Q – How long does the neck lift take to perform?
A neck lift can take between one and a half to three hours to complete depending on what approach is being used and how much work is being done.
Q – Where are the incisions made for the neck lift?
The incisions for the neck lift are hidden behind the ears with a very short extension around the front of the bottom of the ear (the lobule). If liposuction or platysmaplasty are being done as well, a short incision is also made just below the chin. Incisions for a direct neck lift are placed entirely under the chin along the front of the neck.
Q – Are there scars after a neck lift?
Though the incisions made for the neck lift will result in scars, they tend to be well-concealed as they are mainly located behind the ear and sometimes beneath the chin.
Q – Is the neck lift a painful procedure?
Patients may experience some discomfort which is well controlled with low dose prescription narcotic medication.
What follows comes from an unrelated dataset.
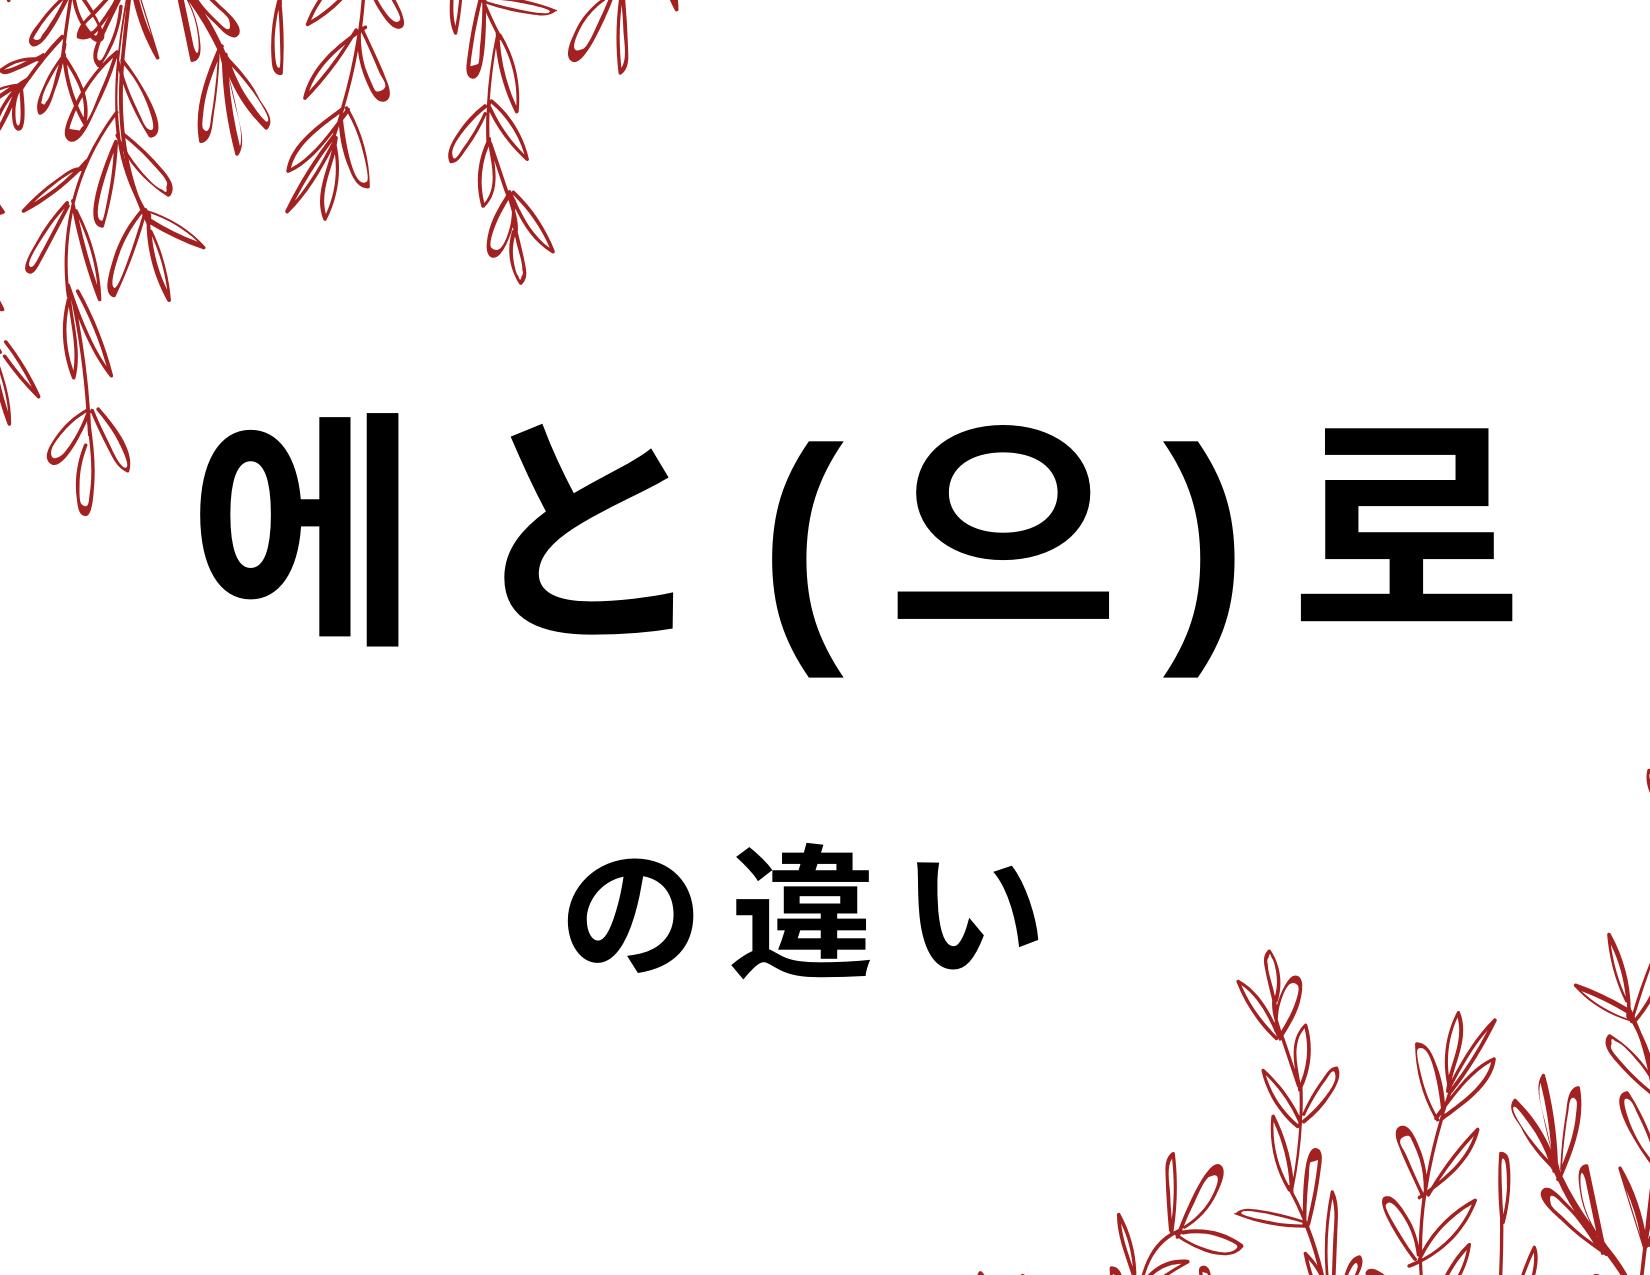 韓国 語 オプソ

Q – What is the recovery like after a neck lift?
During the first few days after the neck lift, patients should sleep with the head slightly elevated at a 30 degree angle to minimize swelling. Patients are also encouraged to minimize rotation of the neck. Any pain or discomfort that patients experience is well controlled with low dose prescription narcotic medication. Patients will be seen within one to two days after surgery for bandage dressing change and then within four to seven days after surgery to have the sutures removed. Swelling and bruising may still be noticeable for up to ten days after surgery. In most cases, patients will note a sensation of feeling ‘tight’ for several weeks, though they will not appear tight. This is an expected feeling that will slowly fade away as your neck becomes more familiar with its new contour and position.
Q – When will I be able to return to work after undergoing a neck lift?
Most patients are able to return to work within seven to ten days after the neck lift, sometimes sooner for those patients not bothered by residual swelling.
Q – When will I be able to exercise after my neck lift?
Aerobic activity (reconditioning) may be resumed within ten to fourteen days after the neck lift and more strenuous activity (resistance workouts) within three to four weeks.
Q – When are the stitches removed after the neck lift?
The stitches are removed within four to seven days after the neck lift.
Q – Are there risks or complications with the neck lift?
As with all types of surgery there are potential risks associated with the neck lift. By virtue of the anatomy in the area, there is a potential risk of damaging the nerve that controls movement of the mouth region. However, knowledge of where this nerve runs essentially minimizes the chances of this complication occurring. Some patients may note temporary numbness around the ear due to swelling near the sensory nerve in this area, though permanent numbness is very rare following neck lift surgery.
Q – Does insurance cover the neck lift procedure?
Neck lift procedure which are performed for cosmetic purposes are typically not covered by insurance, though patients will need to check with their own insurer.